The residents asked county zoning officials to enforce a 1983 zoning law requiring groups to obtain special zoning exceptions before using residential facilities as fraternity or sorority houses. The house in question, at 7408 Rhode Island Ave., is rented by 24 members of Tau Kappa Epsilon fraternity and two nonmembers.
The fraternal chapter was established on campus in 1981, and members began moving into the house about a year ago. Three other fraternities houses are on the same block, as are a number of sororities.
Joseph Bowen, chairman of the local TKE board of trustees, said that because TKE does not own the house, his board does not currently recognize it as an official fraternity facility.
County zoning inspections supervisor George Biernesser said the county also does not consider the house a fraternity, having classified it as an apartment building because it contains rental units.
Biernesser said the 1983 law requiring zoning exceptions applies only to fraternity houses in residential areas, while the property in question is commercially zoned.
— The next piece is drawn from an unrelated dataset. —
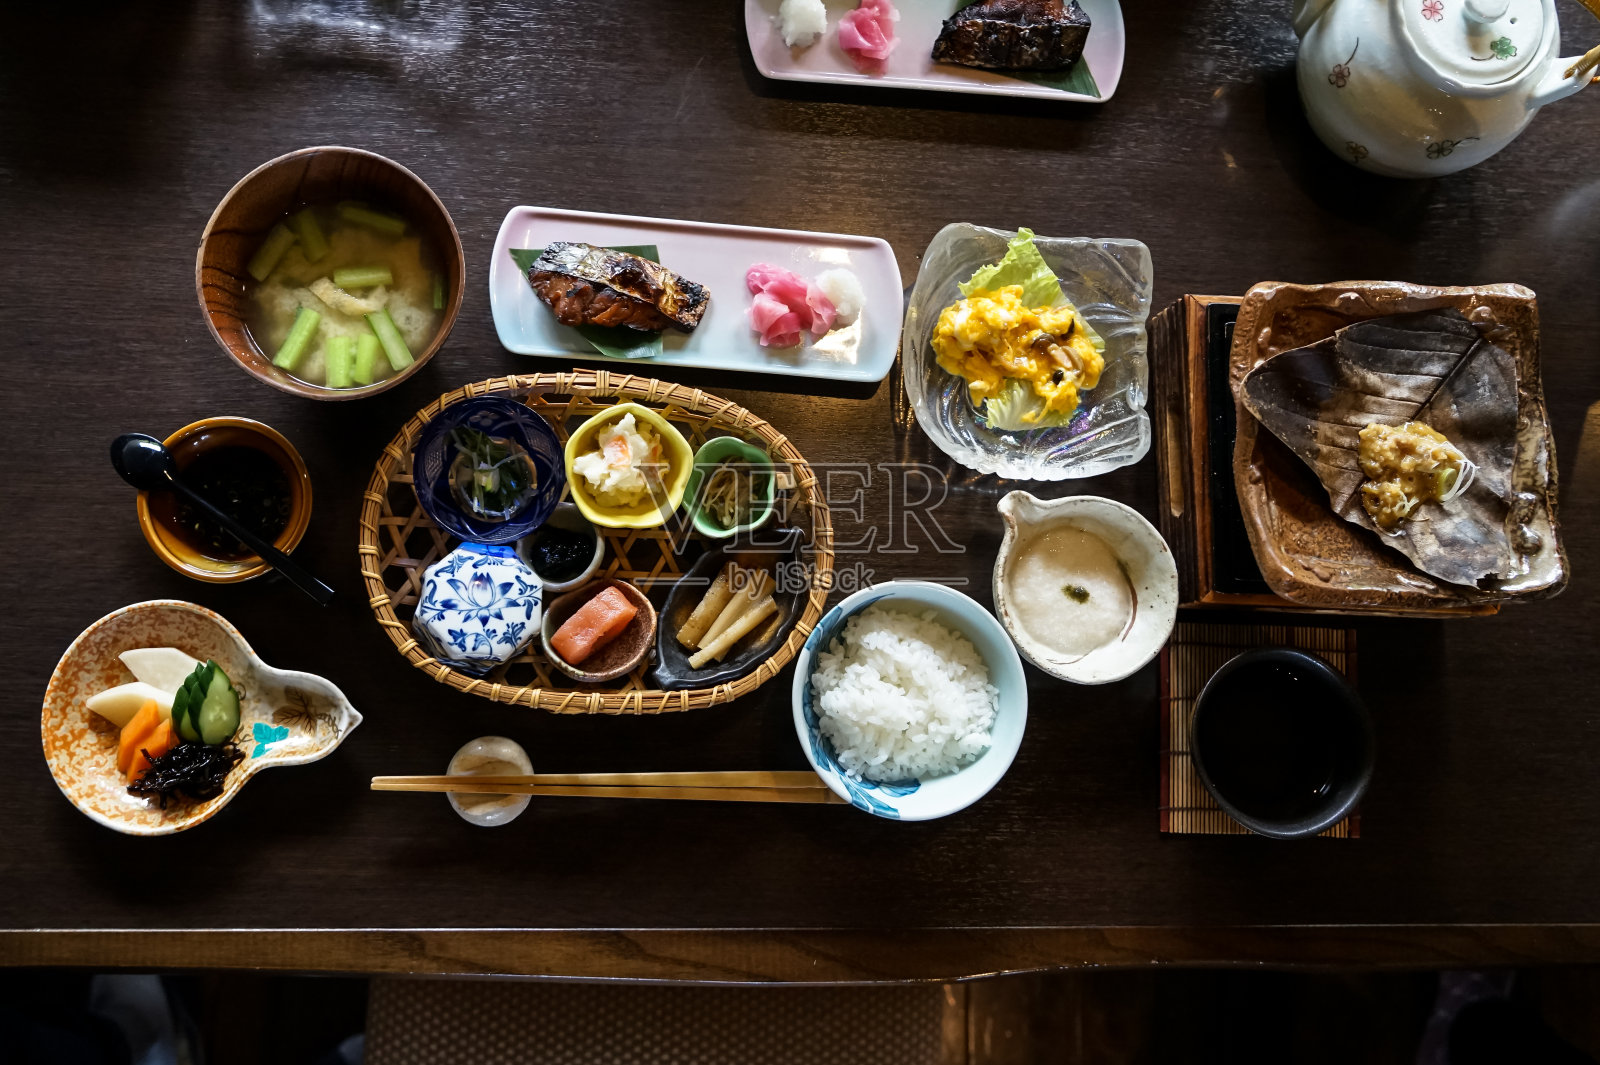 日本日式早餐包括白米饭，烤鱼，煎蛋，汤，门太子，泡菜，海藻，热盘，其他配菜和茶几上的绿茶照片摄影图片
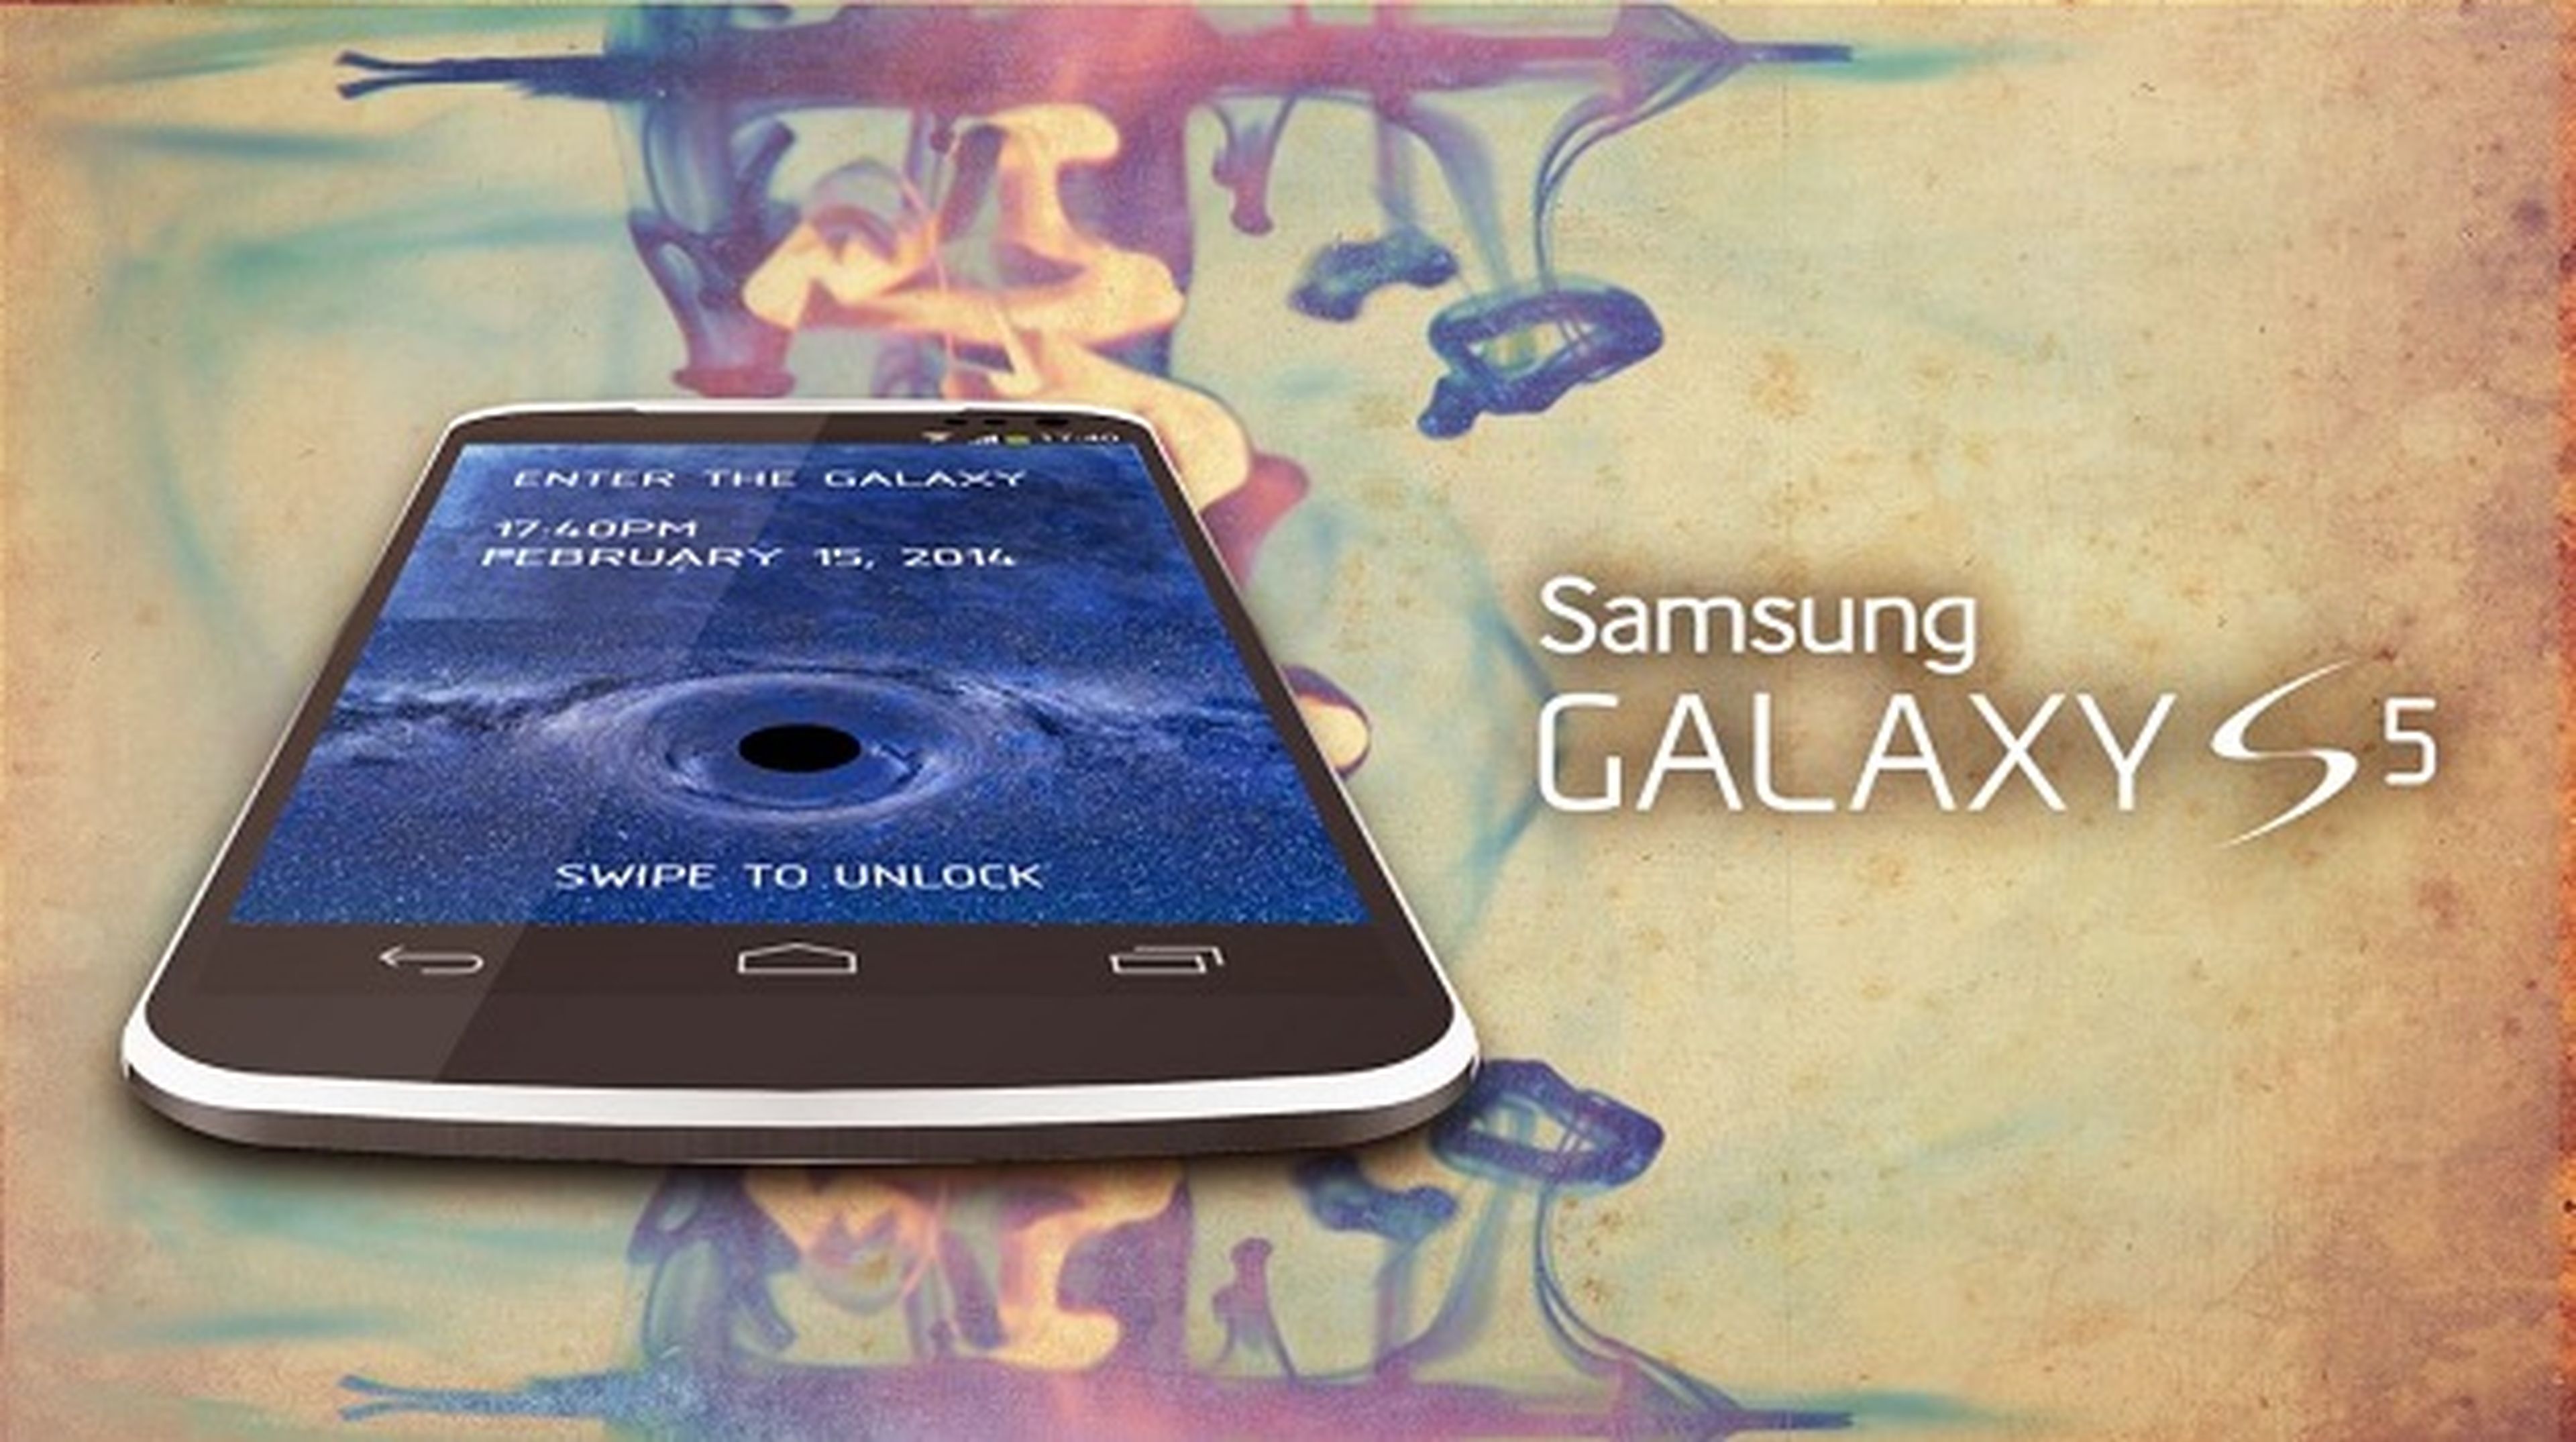 Samsung Galaxy S5 equiparía 4 GB de memoria RAM

But if the building is designated an official fraternity house, it would be in violation of another part of the law banning fraternities and sororities in commercial zones, he said.
Residents and city officals contend that the house, which bears a TKE sign, is a legitimate fraternity.
"If an organization acts like a fraternity and says it's a fraternity, then it's a fraternity," said Mayor Alvin Kushner. "I think the zoning people have chosen to shut their eyes about this."
James Nagel, whose house is adjacent to the fraternity facility, presented an anti-TKE petition to city officials. He complained that fraternity members have kicked in his fence, thrown bottles in his swimming pool, thrown trash in his yard and held loud parties.
Bowen denied the charges and said the fraternity is no louder than any other in the neighborhood.
College Park residents are "fed up with fraternities," Nagel told officials. "I think they'd be happy to see them all closed or moved up near university president John Toll's house," Nagel said.